= EXERCISE =
Starting with the line that has "01020TC в Новосибирске" in the records below and stopping after the line that has "20-Ristrutturazione-Appartamento-Cesena-luxury-1250x1873.jpg", output every line exactly and nothing else; skip pictures.

= MATERIAL PROVIDED =
□ □ □ □ □
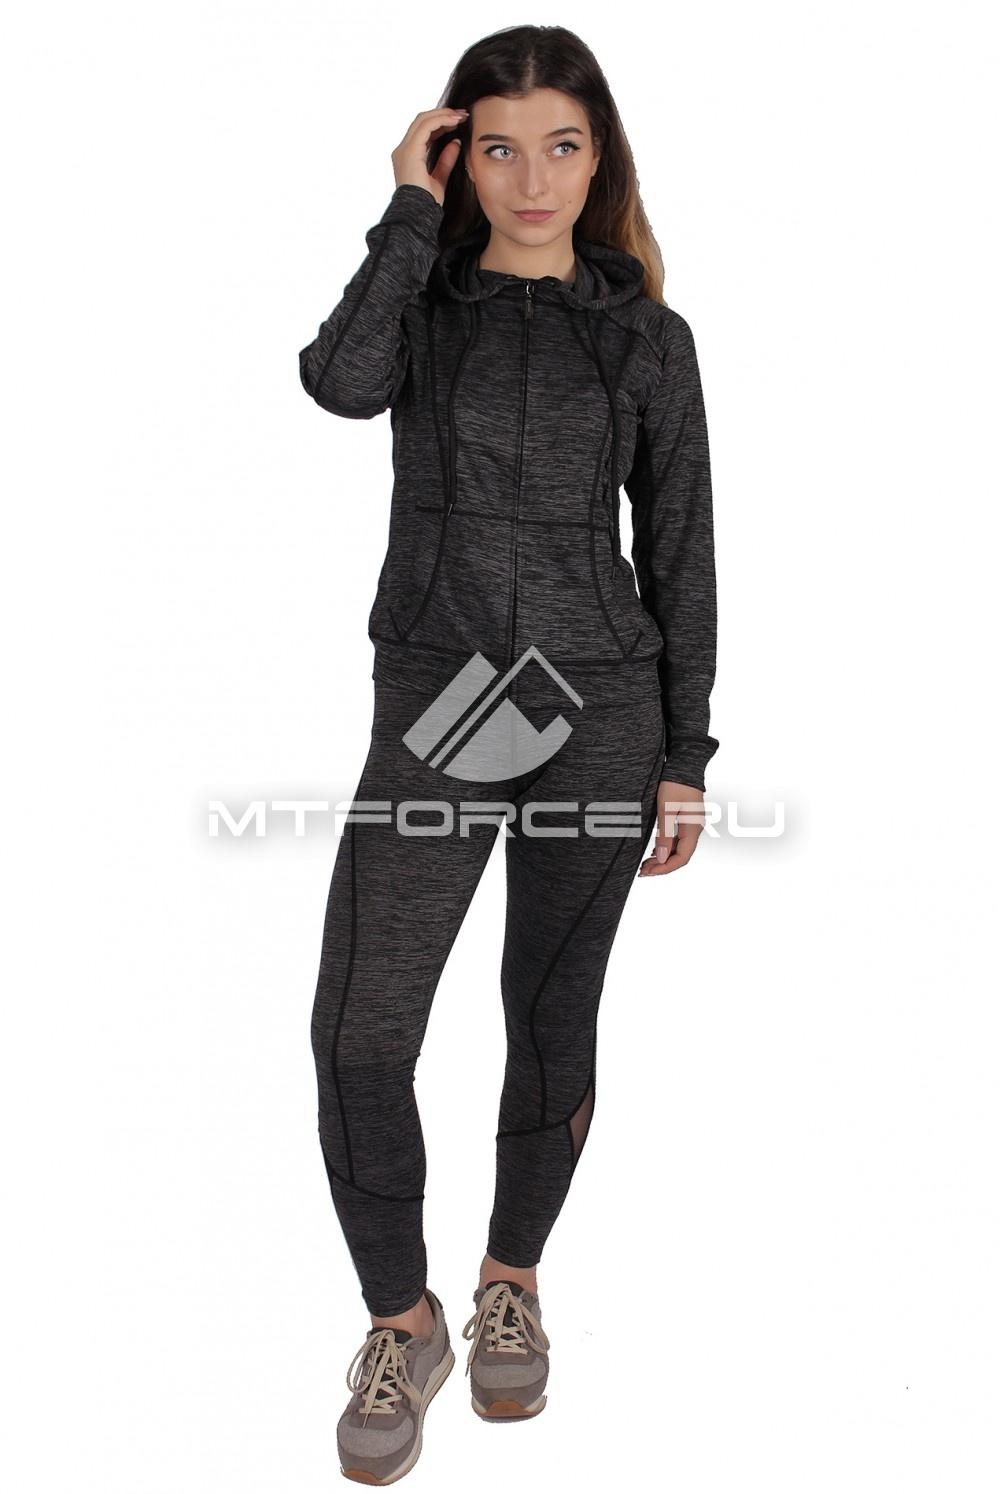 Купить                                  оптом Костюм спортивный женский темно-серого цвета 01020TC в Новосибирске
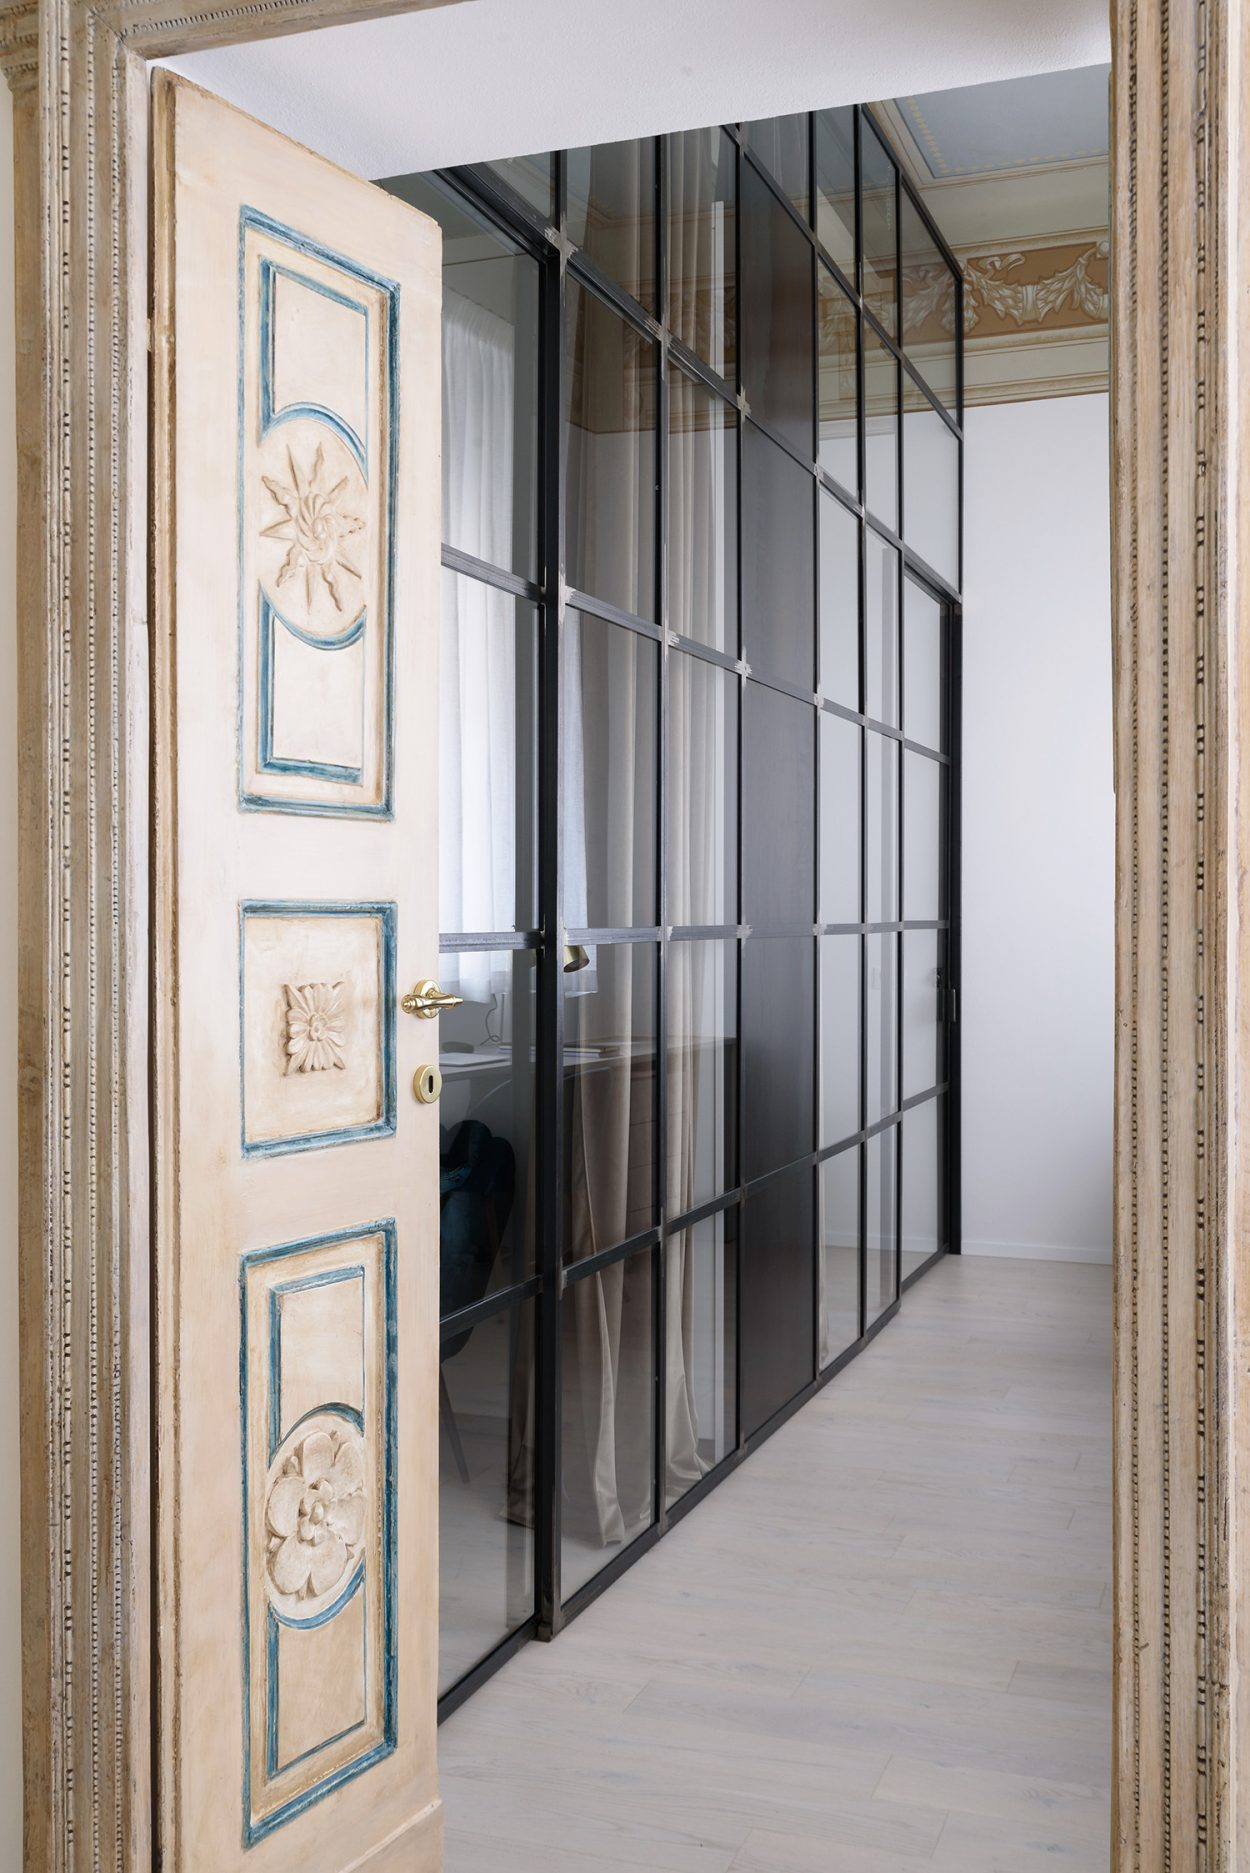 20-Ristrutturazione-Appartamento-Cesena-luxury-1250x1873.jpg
□ □ □ □ □
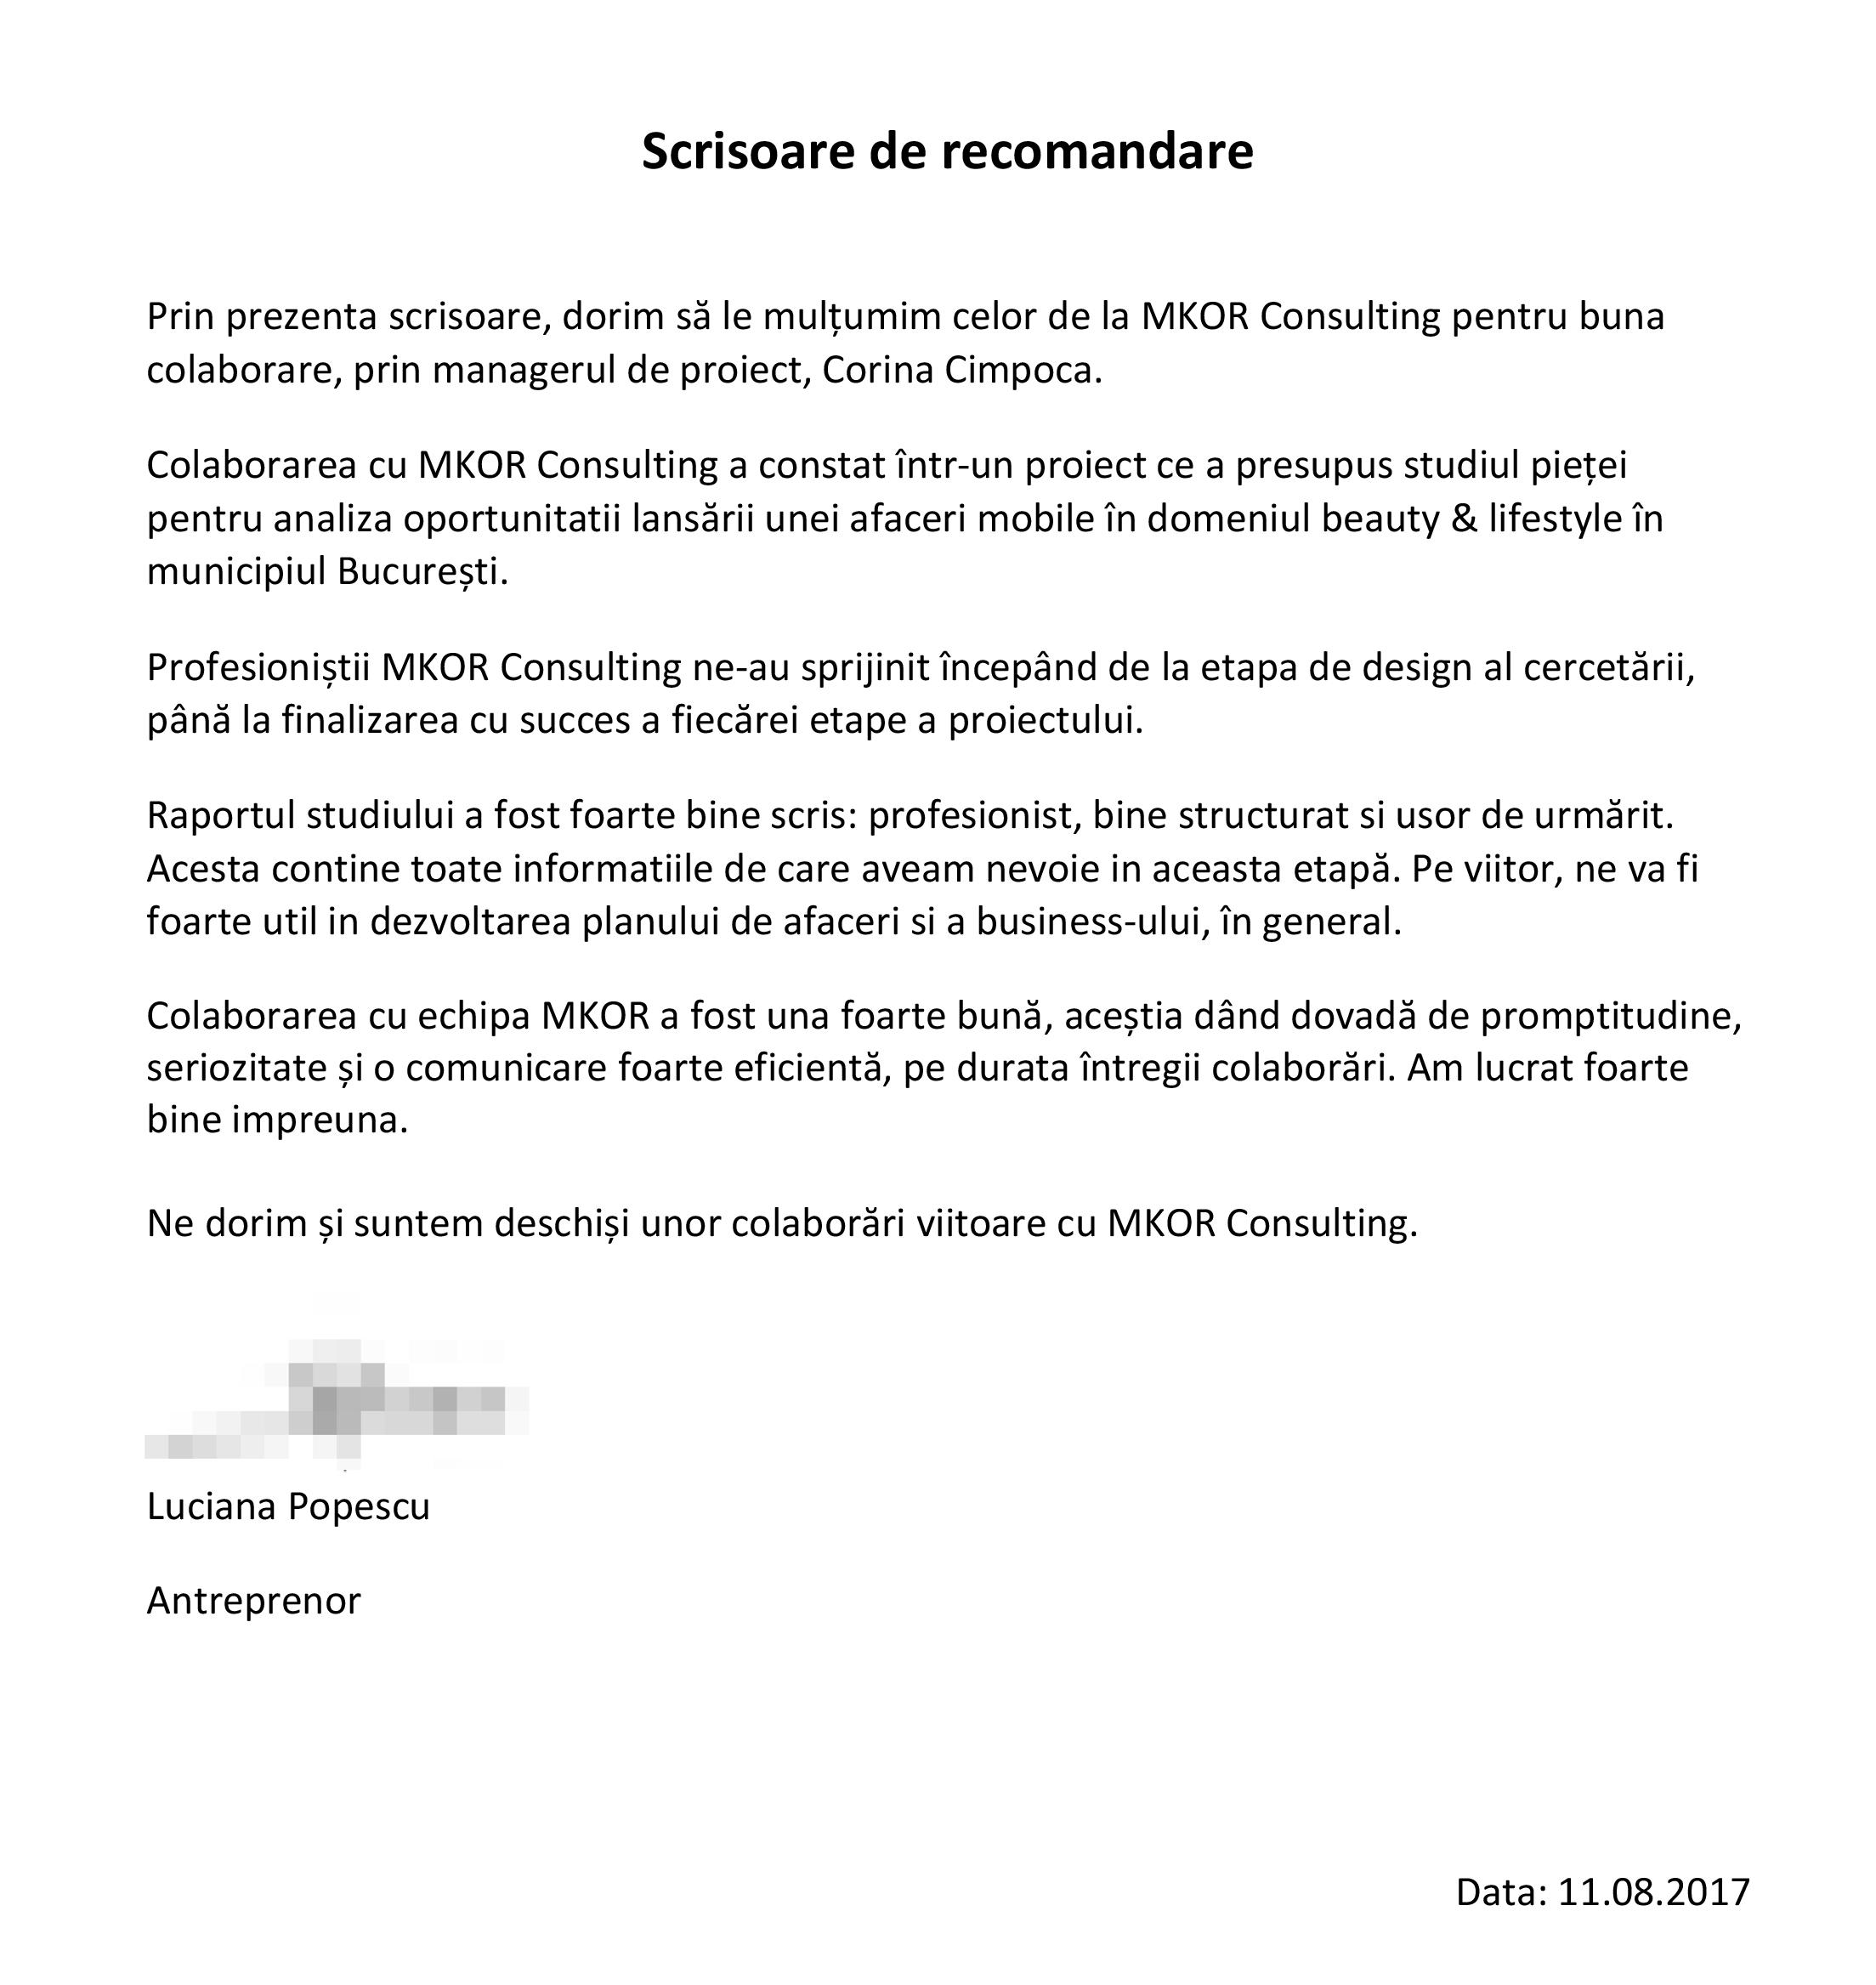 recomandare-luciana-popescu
□ □ □ □ □
= RESPONSE BELOW =
 Купить                                  оптом Костюм спортивный женский темно-серого цвета 01020TC в Новосибирске
 20-Ristrutturazione-Appartamento-Cesena-luxury-1250x1873.jpg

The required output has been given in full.